## Record excerpts

==*==

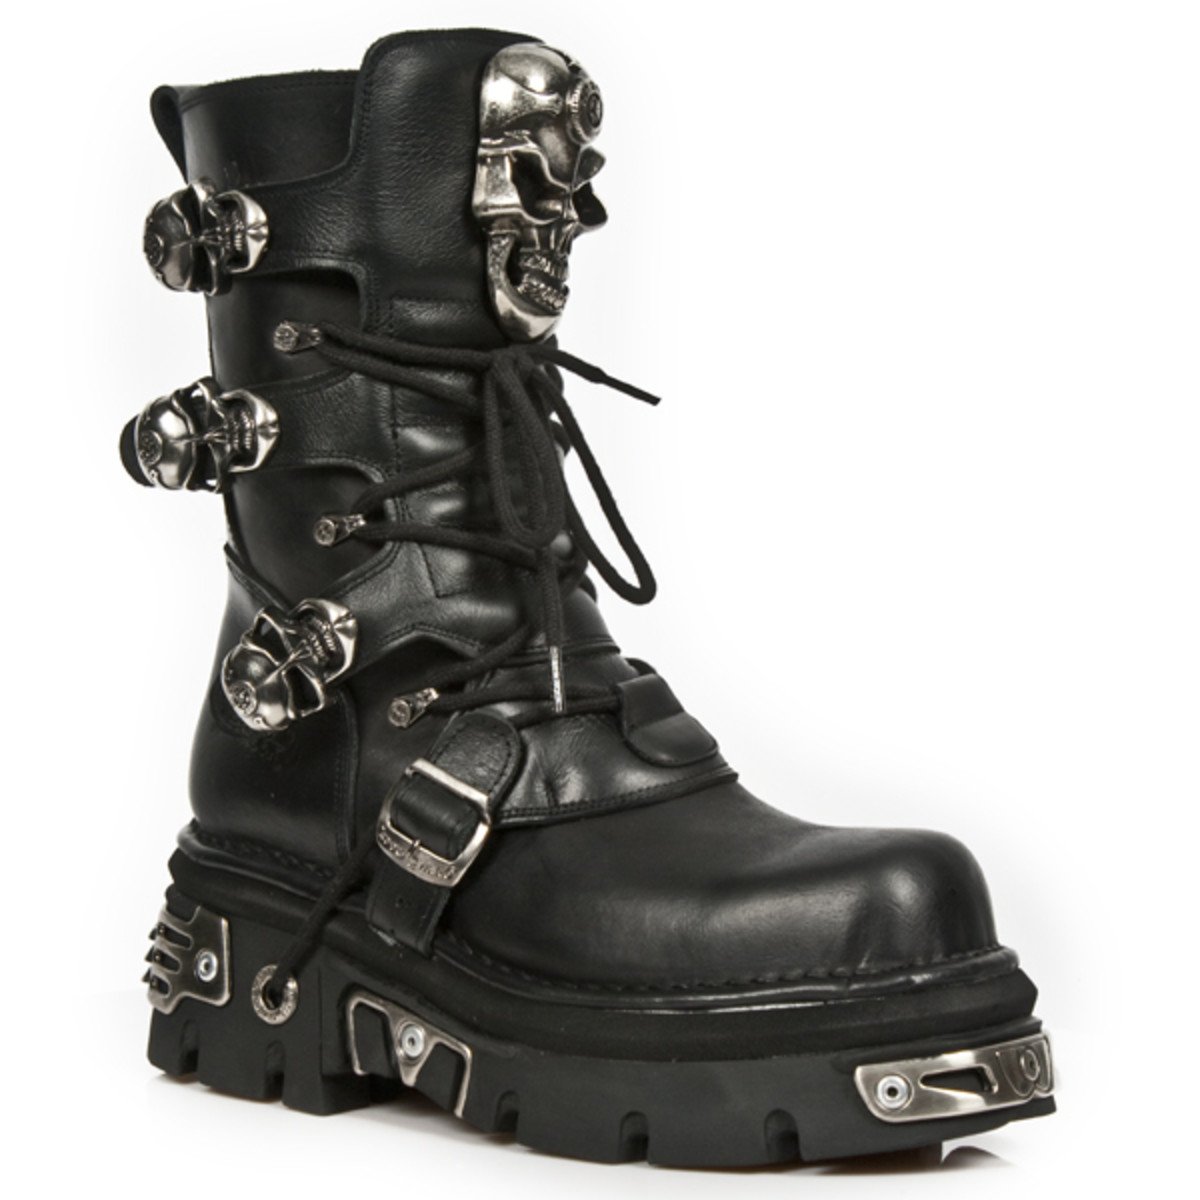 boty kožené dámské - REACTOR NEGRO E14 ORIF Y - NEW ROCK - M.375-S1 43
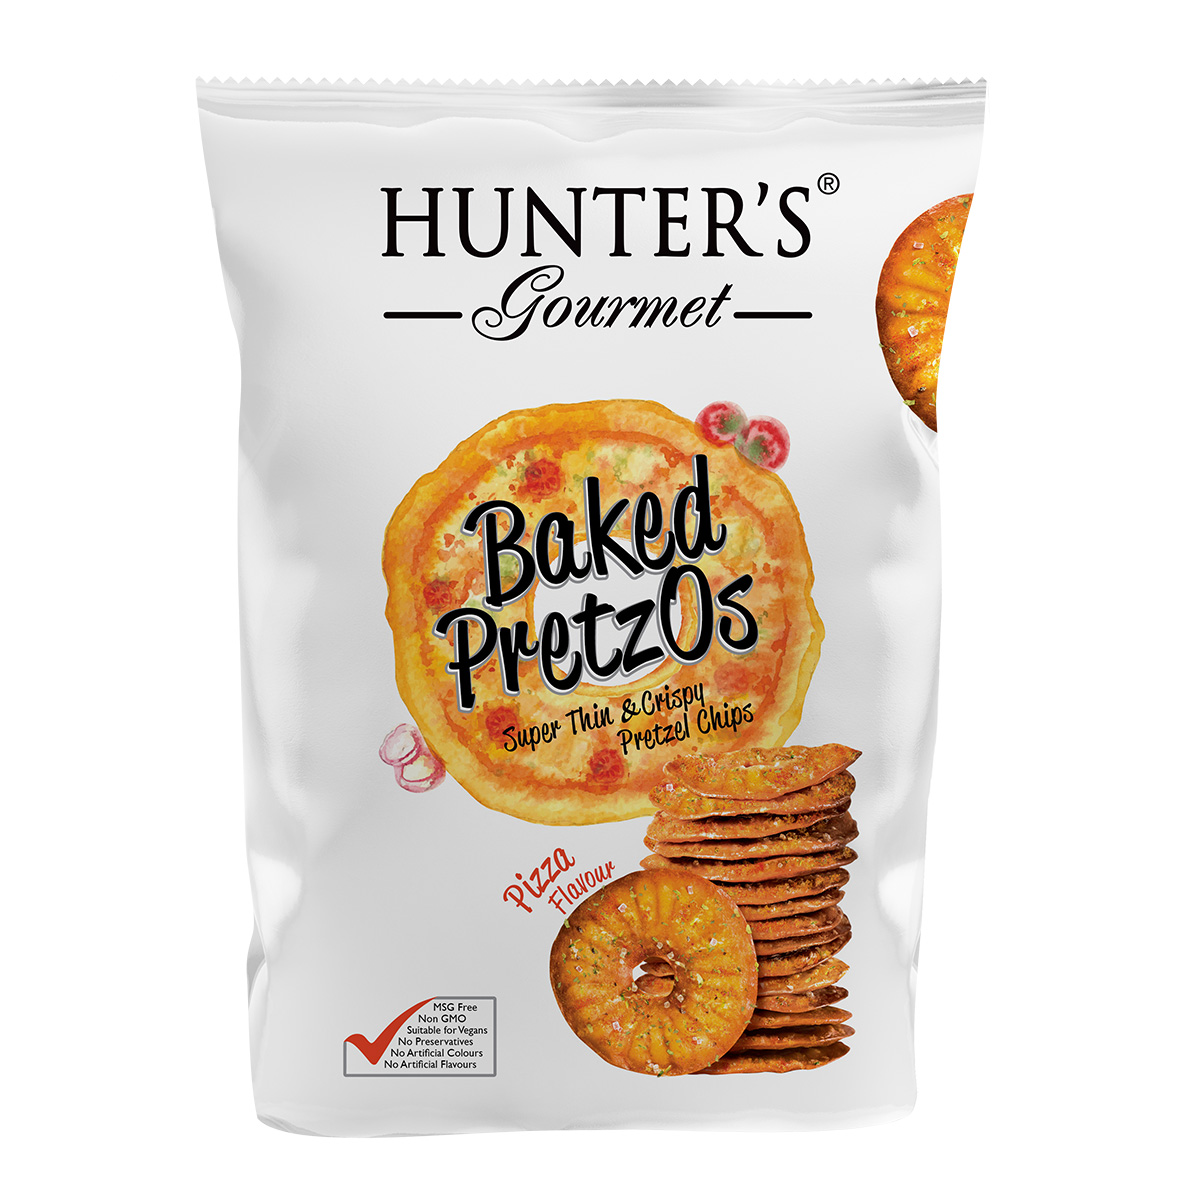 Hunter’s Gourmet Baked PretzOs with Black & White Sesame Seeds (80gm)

==*==

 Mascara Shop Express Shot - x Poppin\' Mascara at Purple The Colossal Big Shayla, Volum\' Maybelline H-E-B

==*==

Copy only what lies between the line with "boty kožené dámské" and the line with "Hunter’s Gourmet Baked", those two lines included, exactly as given above; pictures stay out.

 boty kožené dámské - REACTOR NEGRO E14 ORIF Y - NEW ROCK - M.375-S1 43
 Hunter’s Gourmet Baked PretzOs with Black & White Sesame Seeds (80gm)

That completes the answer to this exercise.